Given this problem nature, I expect many other exporters (those that use similar selector) to be not discovered by prometheus.
I'm not sure it is a bug, rather misconfiguration.
Possible solutions:
- change ArgoCD application.resourceTrackingMethod to
annotation
only - keep using
annotation+label
but set custom application.instanceLabelKey
We fixed the issue on our side by editing argocd's argocd-cm config map and setting application.instanceLabelKey
to argocd.argoproj.io/instance
We fix this issue by remove app.kubernetes.io/instance: kube-prometheus-stack
so the selector is only app.kubernetes.io/name: prometheus-node-exporter
. Here's the reason.
- Changing ArgoCD
application.resourceTrackingMethod
to annotation only will cause all of our apps out of sync which we don't want. The same to setapplication.instanceLabelKey
. Given some of the app is already out of sync, makes it harder to recognize the situation. - We hold the promtheus chart in a inner GitLab repo and we don't need to follow the upstream version so closely.

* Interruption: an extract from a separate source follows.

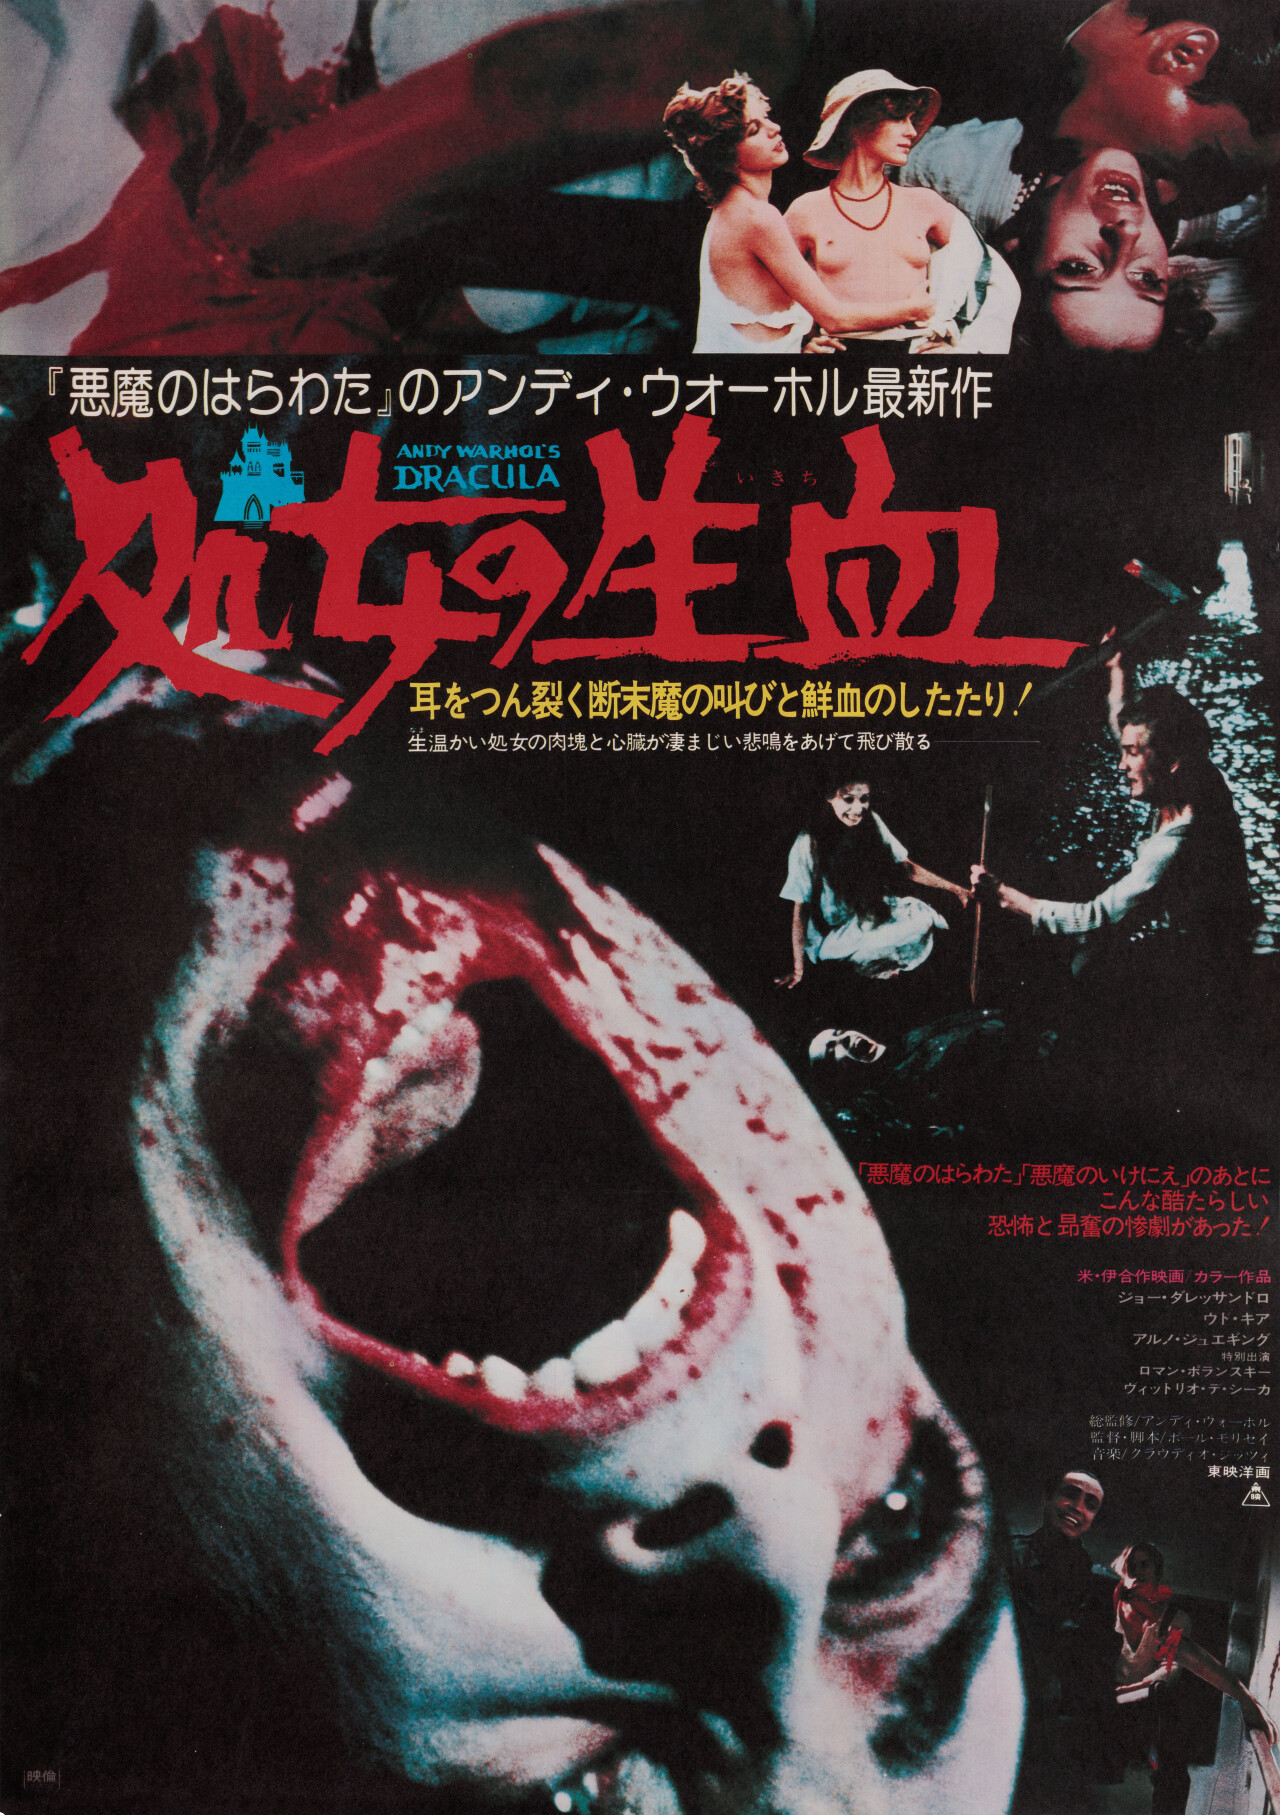 Кровь для Дракулы (Andy Warhols Dracula, 1974), режиссёр Пол Моррисси, японский постер к фильму (ужасы, 1975 год)
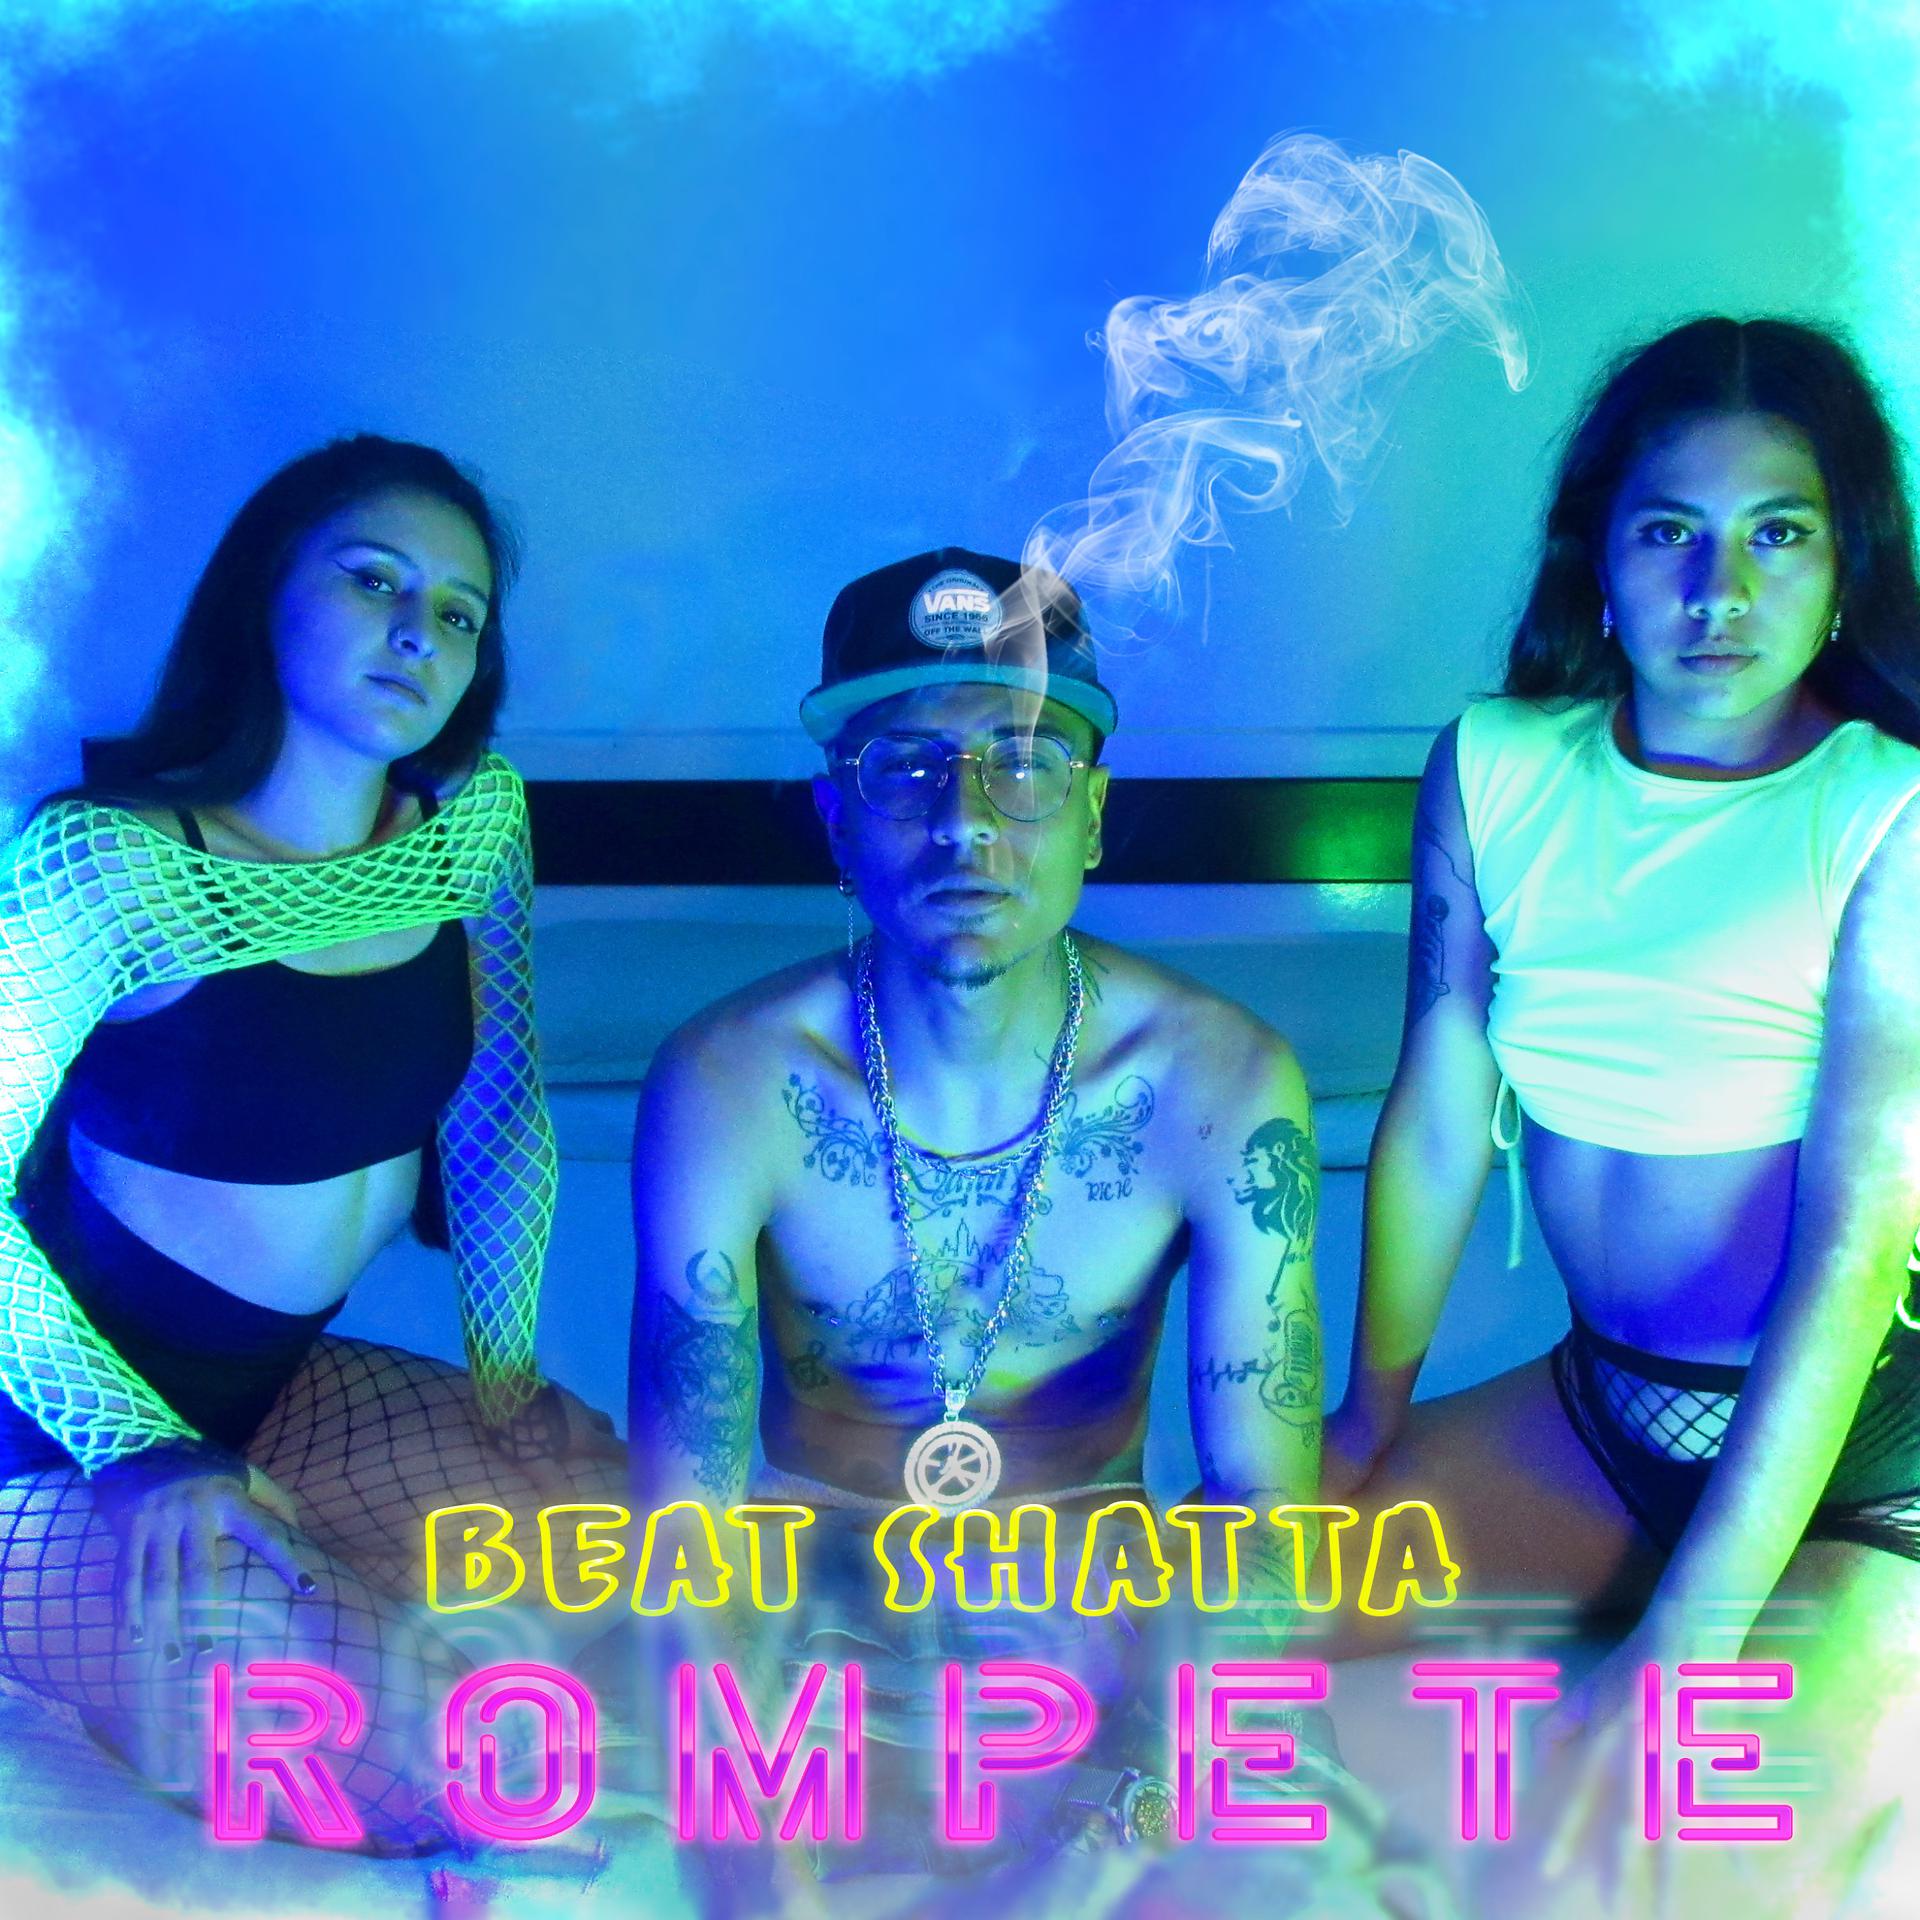 Постер альбома Rompete

- Leaving only one selector works well and has only affect on this application
For anyone who may need this.
@chivalryq Thanks ! Removing the app.kubernetes.io/instance: kube-prometheus-stack
from selector.matchLabels from Service Monitor resources i.e prometheus-node-exporter and kube-state-metrics worked without changing any other configuration. Remember to restart the pods afterwards.